What to produce ▸
Beneath this instruction is a listing. Transcribe from it only the stretch from the line with "Vintage Turkish Paneled" through the line with "Ultimate Legend - Kang", both end lines included, exactly as written.

Exercise input ▸
• • • • • • •

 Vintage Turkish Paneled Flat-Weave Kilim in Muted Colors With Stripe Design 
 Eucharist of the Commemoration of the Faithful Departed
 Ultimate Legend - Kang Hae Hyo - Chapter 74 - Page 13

• • • • • • •

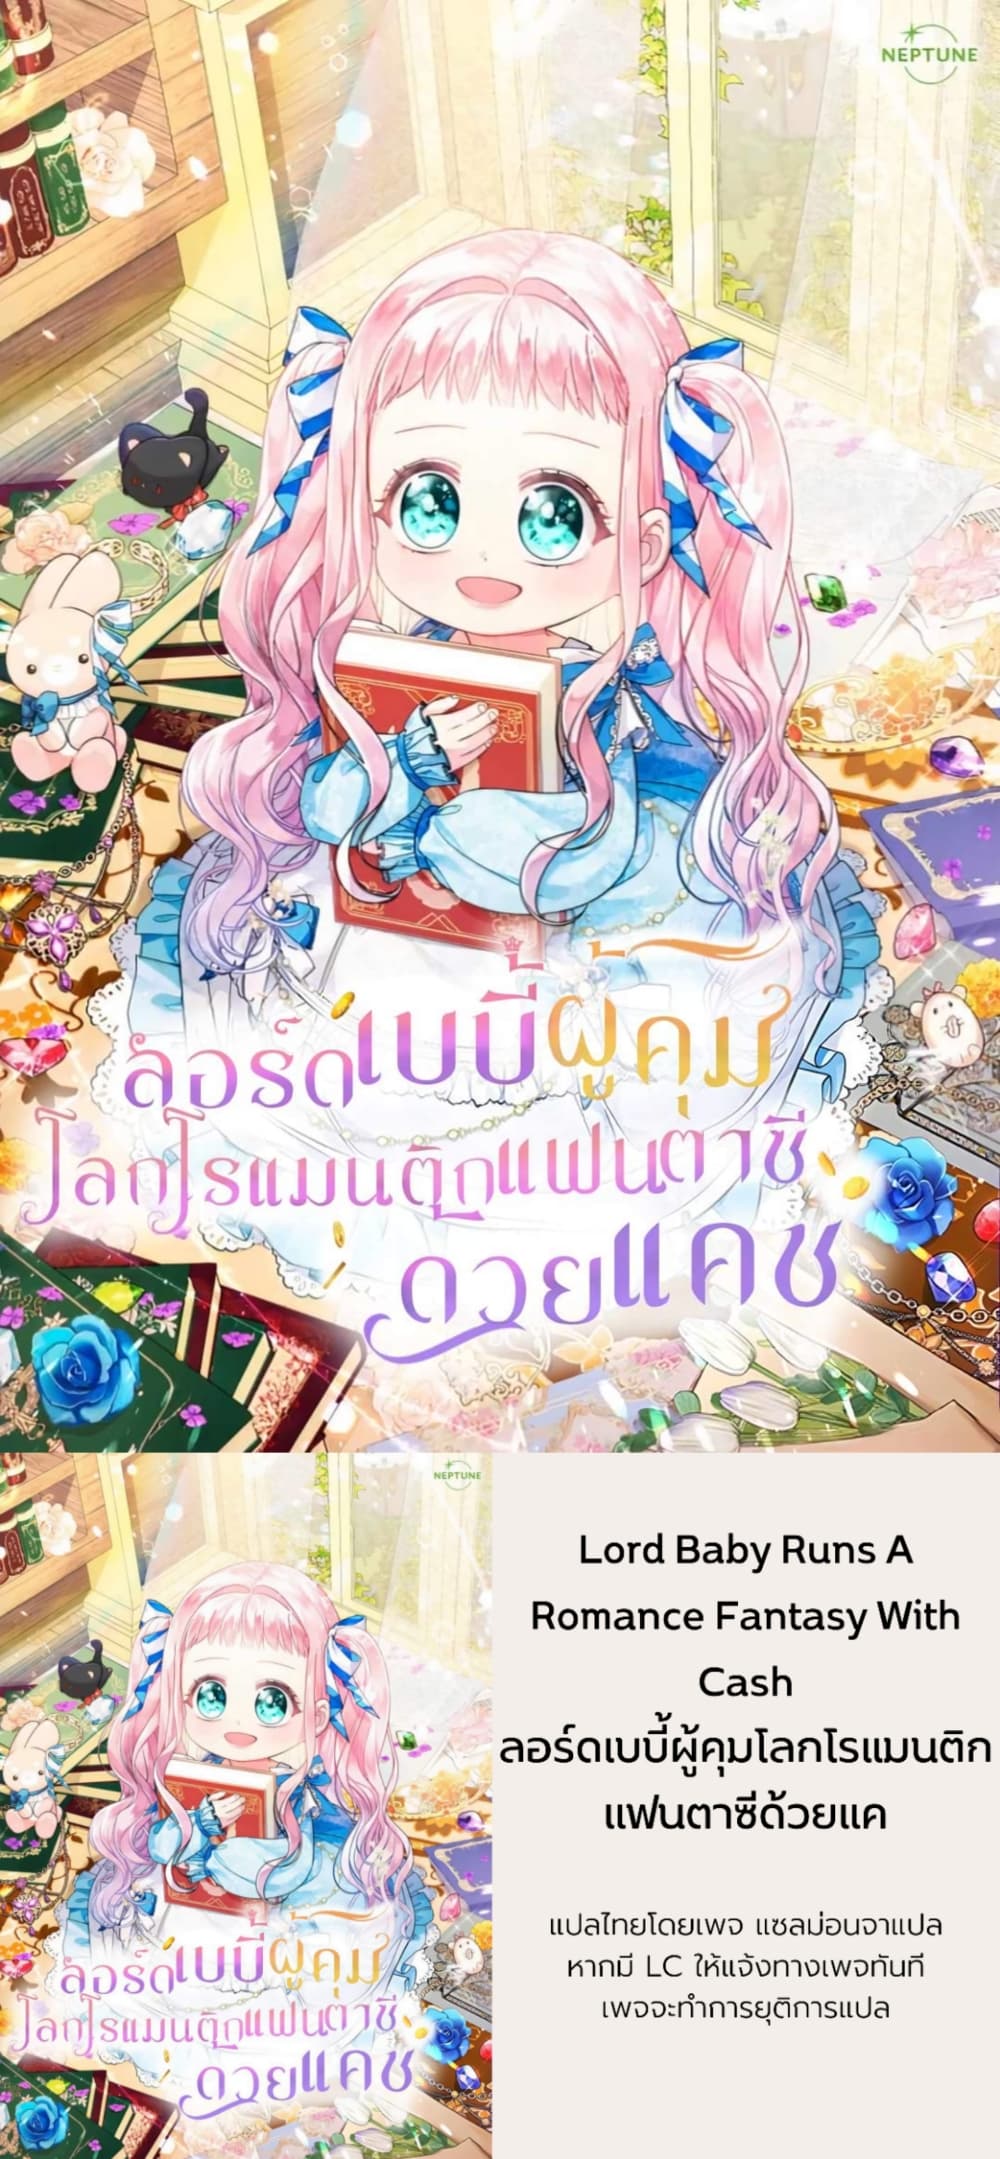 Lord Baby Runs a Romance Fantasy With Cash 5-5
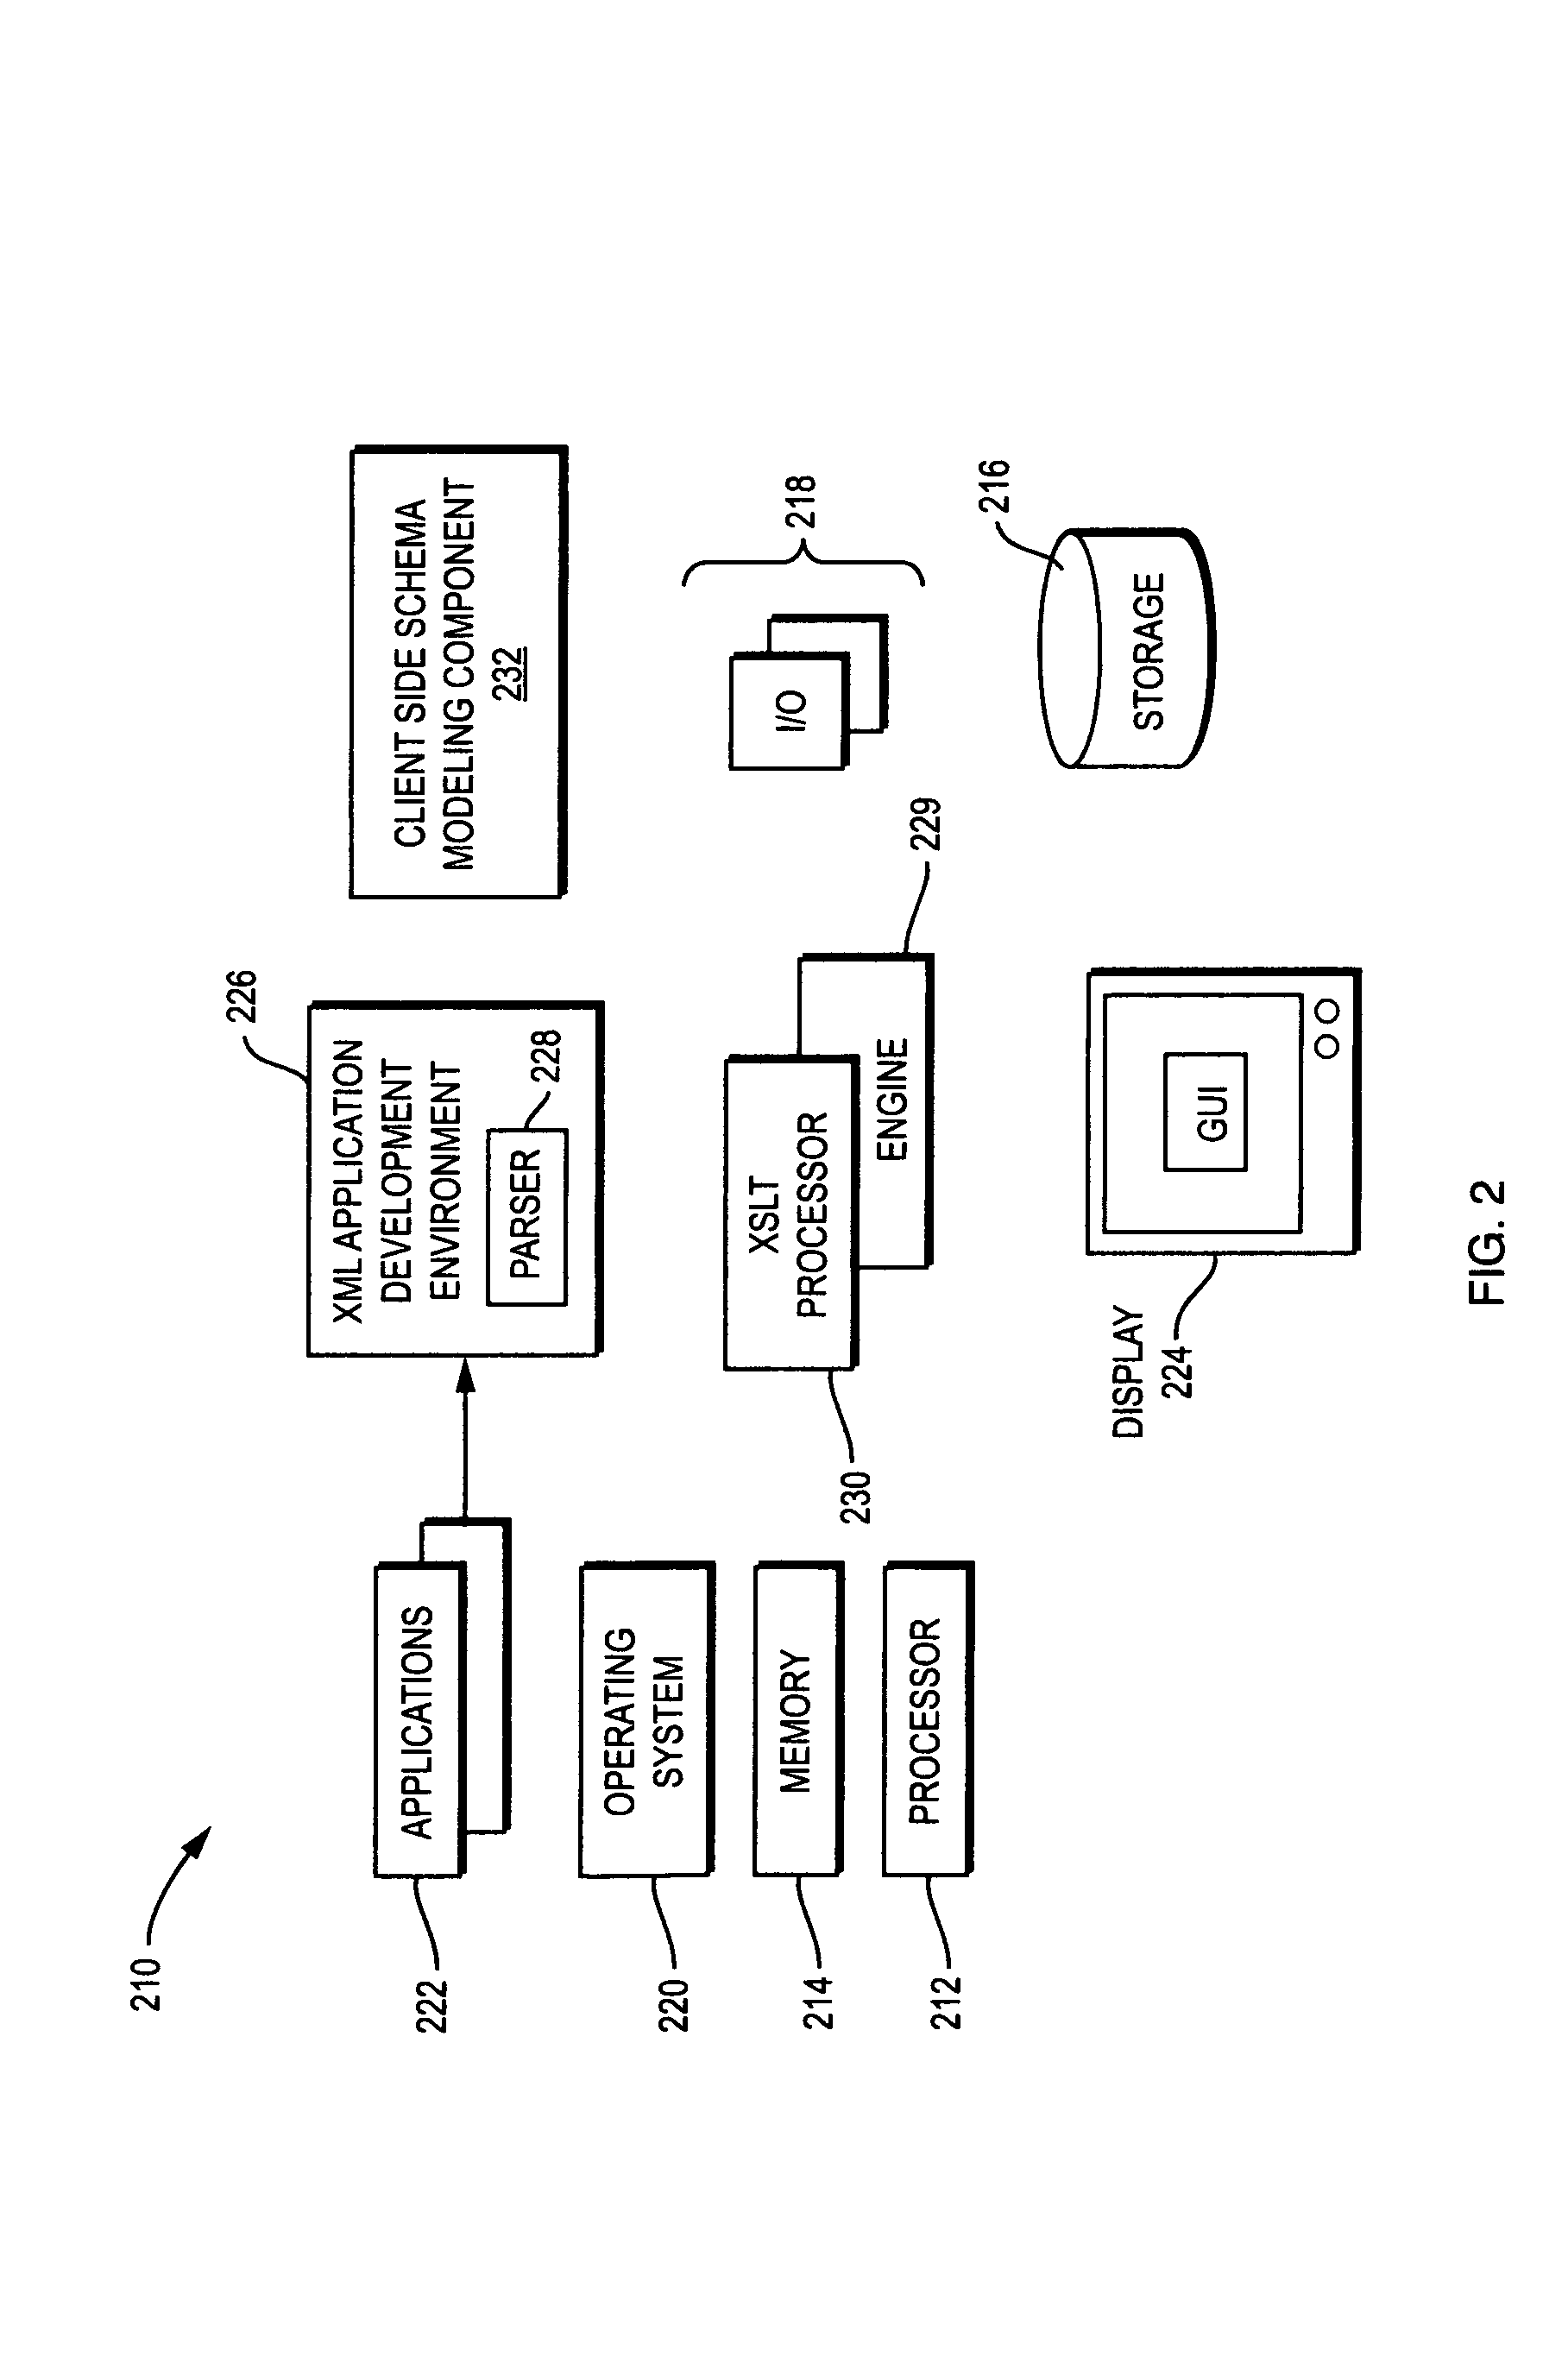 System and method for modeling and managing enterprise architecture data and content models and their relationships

• • • • • • •

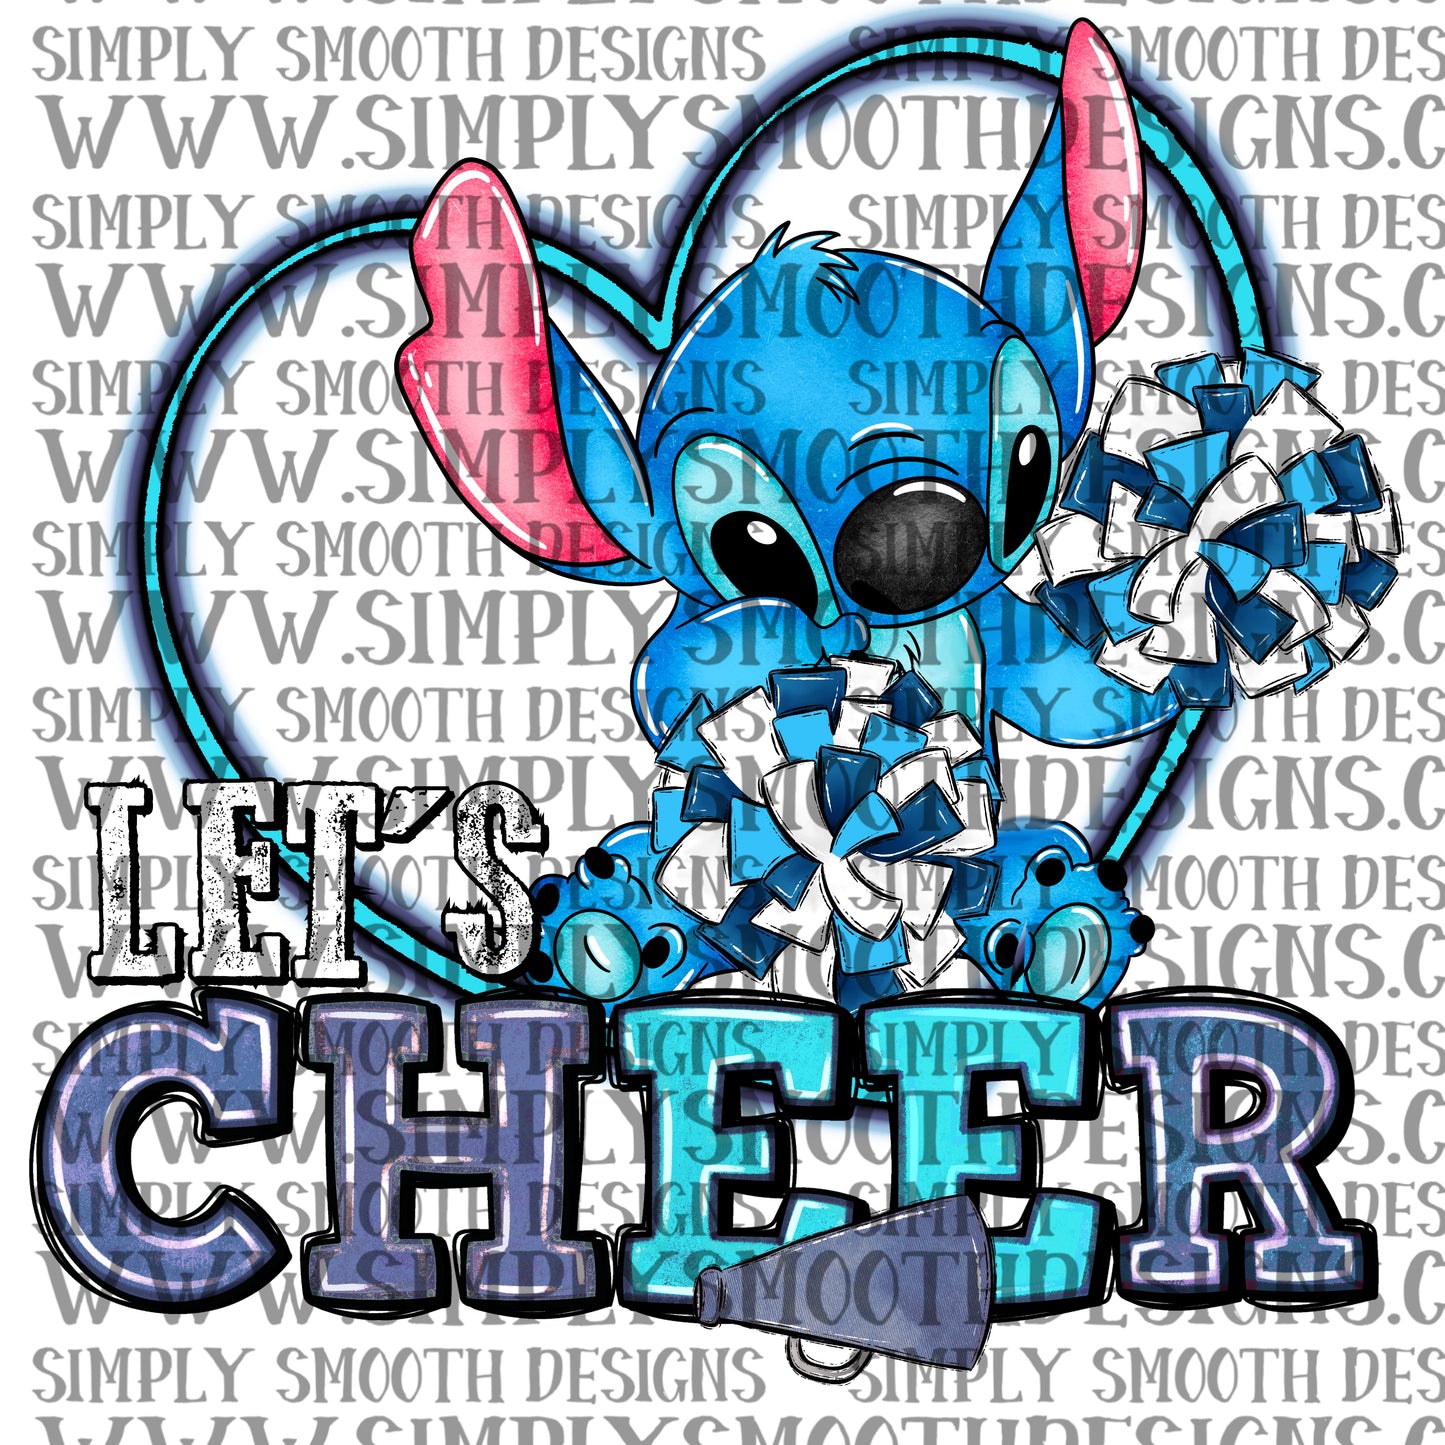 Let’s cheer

• • • • • • •

Answer for this exercise ▸
 Vintage Turkish Paneled Flat-Weave Kilim in Muted Colors With Stripe Design 
 Eucharist of the Commemoration of the Faithful Departed
 Ultimate Legend - Kang Hae Hyo - Chapter 74 - Page 13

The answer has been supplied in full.